Collected material
----

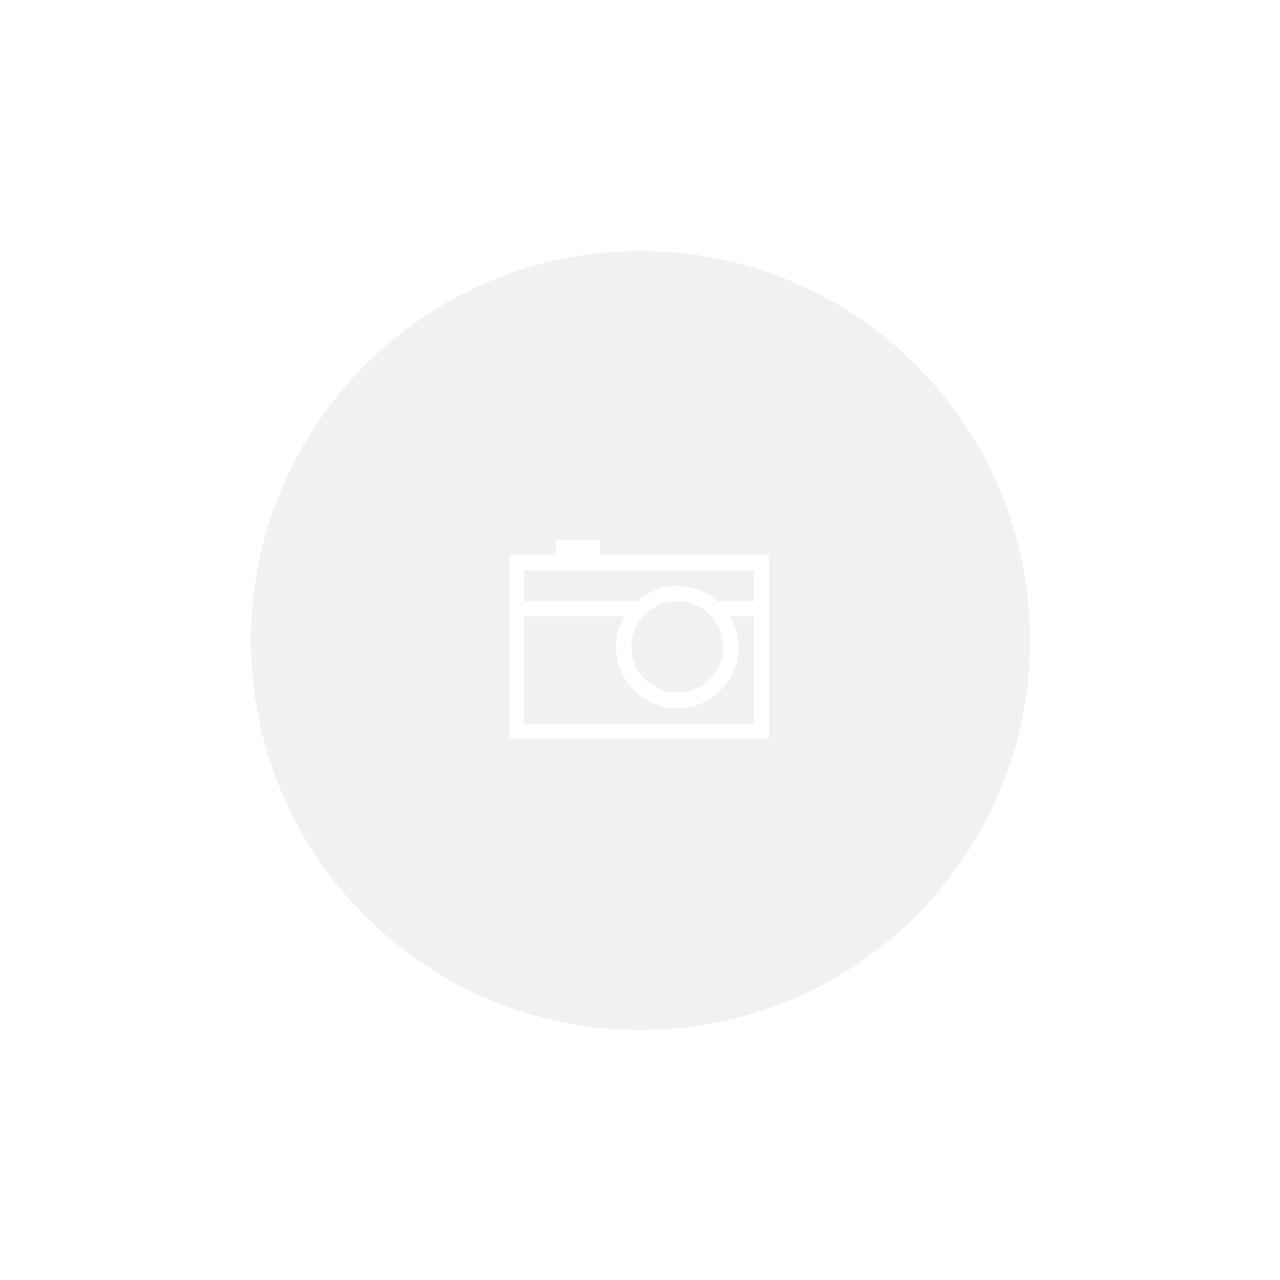 Cachepot Deco Silver 13,5x13,5x12,8cm Bencafil
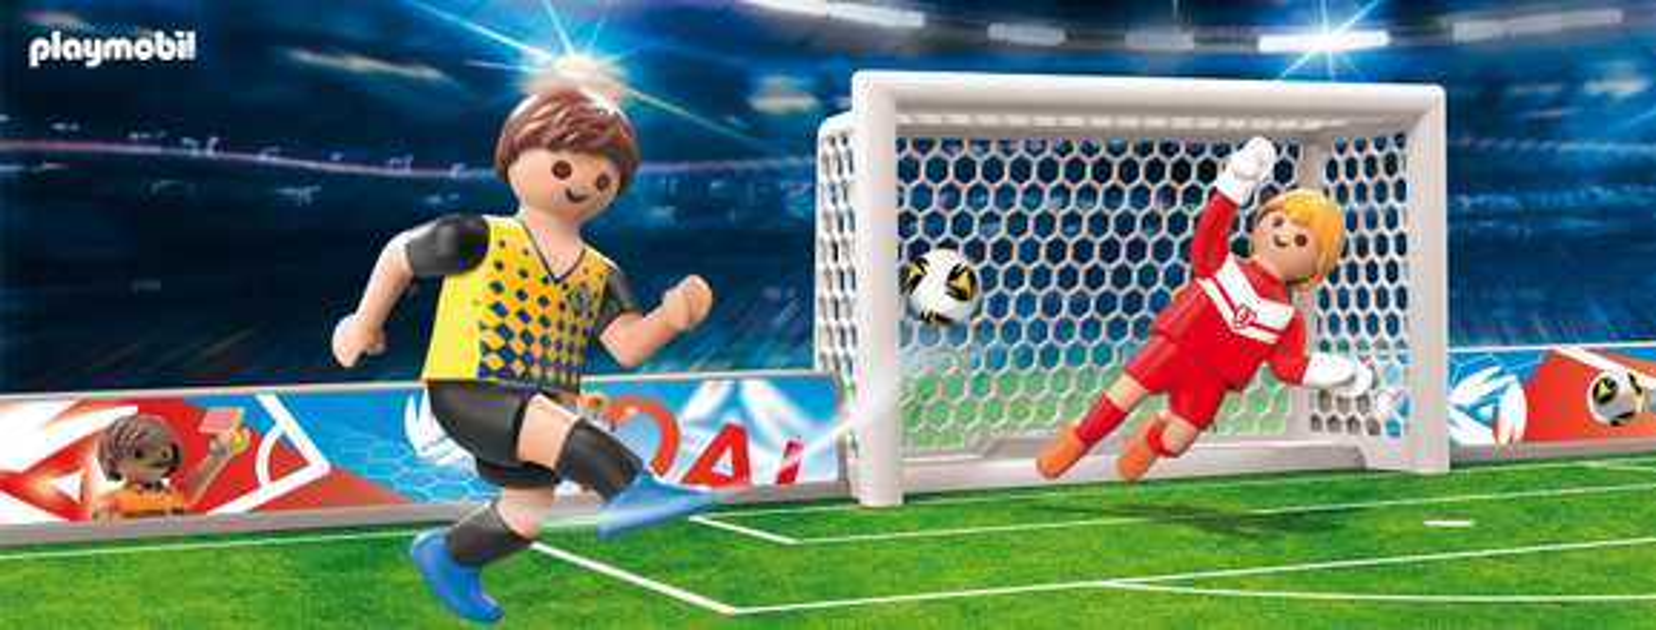 Playmobil – château, football, pirates ou ferme en promotion – Dealabs
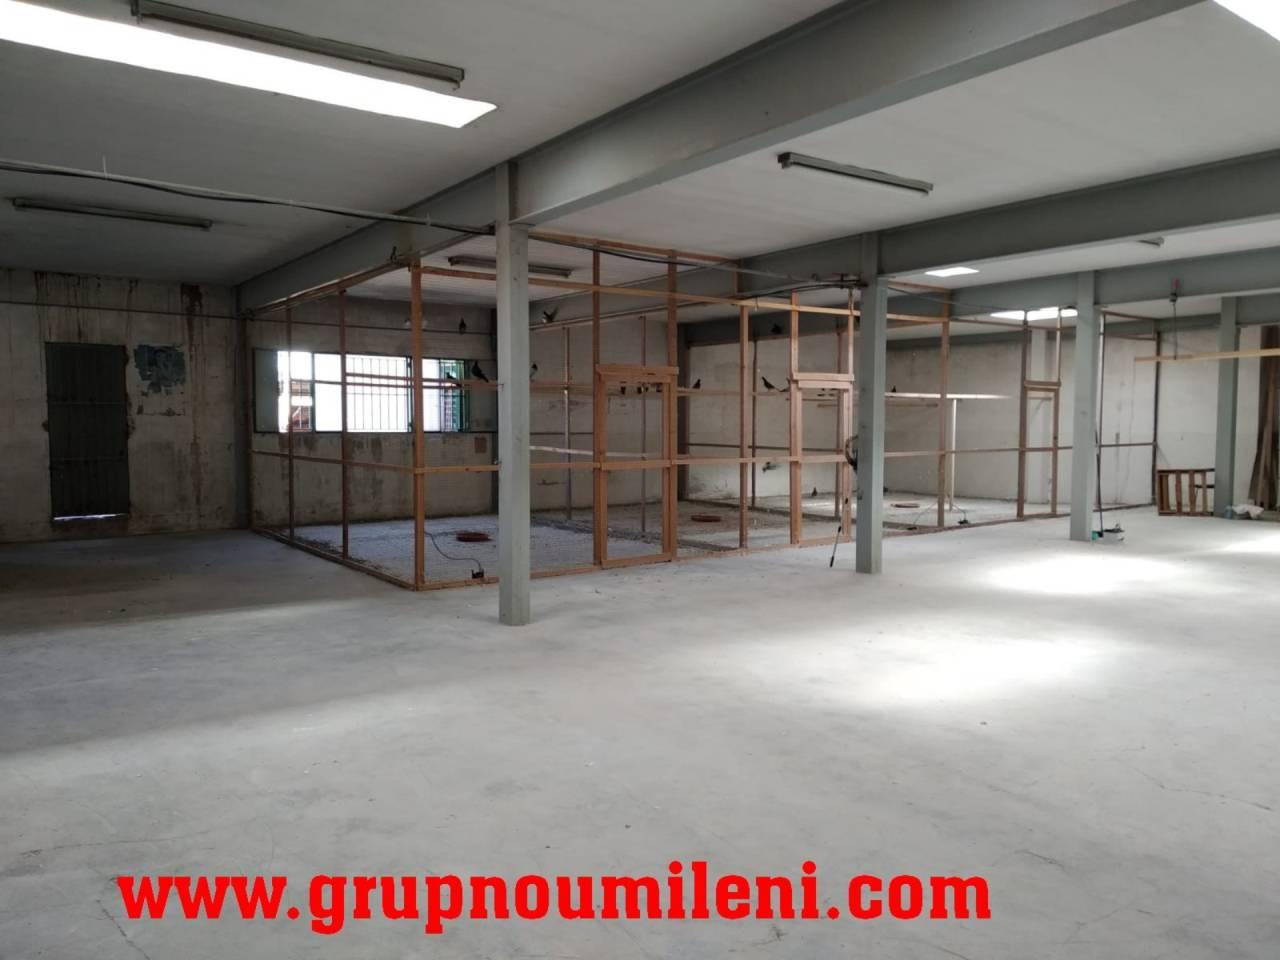 Nau industrial  Albal. Superficie total 1800 m², nave comercial superficie útil 1800 m²

----

Task directions
Write the listing out exactly, apart from its pictures.

Written solution
 Cachepot Deco Silver 13,5x13,5x12,8cm Bencafil
 Playmobil – château, football, pirates ou ferme en promotion – Dealabs
 Nau industrial  Albal. Superficie total 1800 m², nave comercial superficie útil 1800 m²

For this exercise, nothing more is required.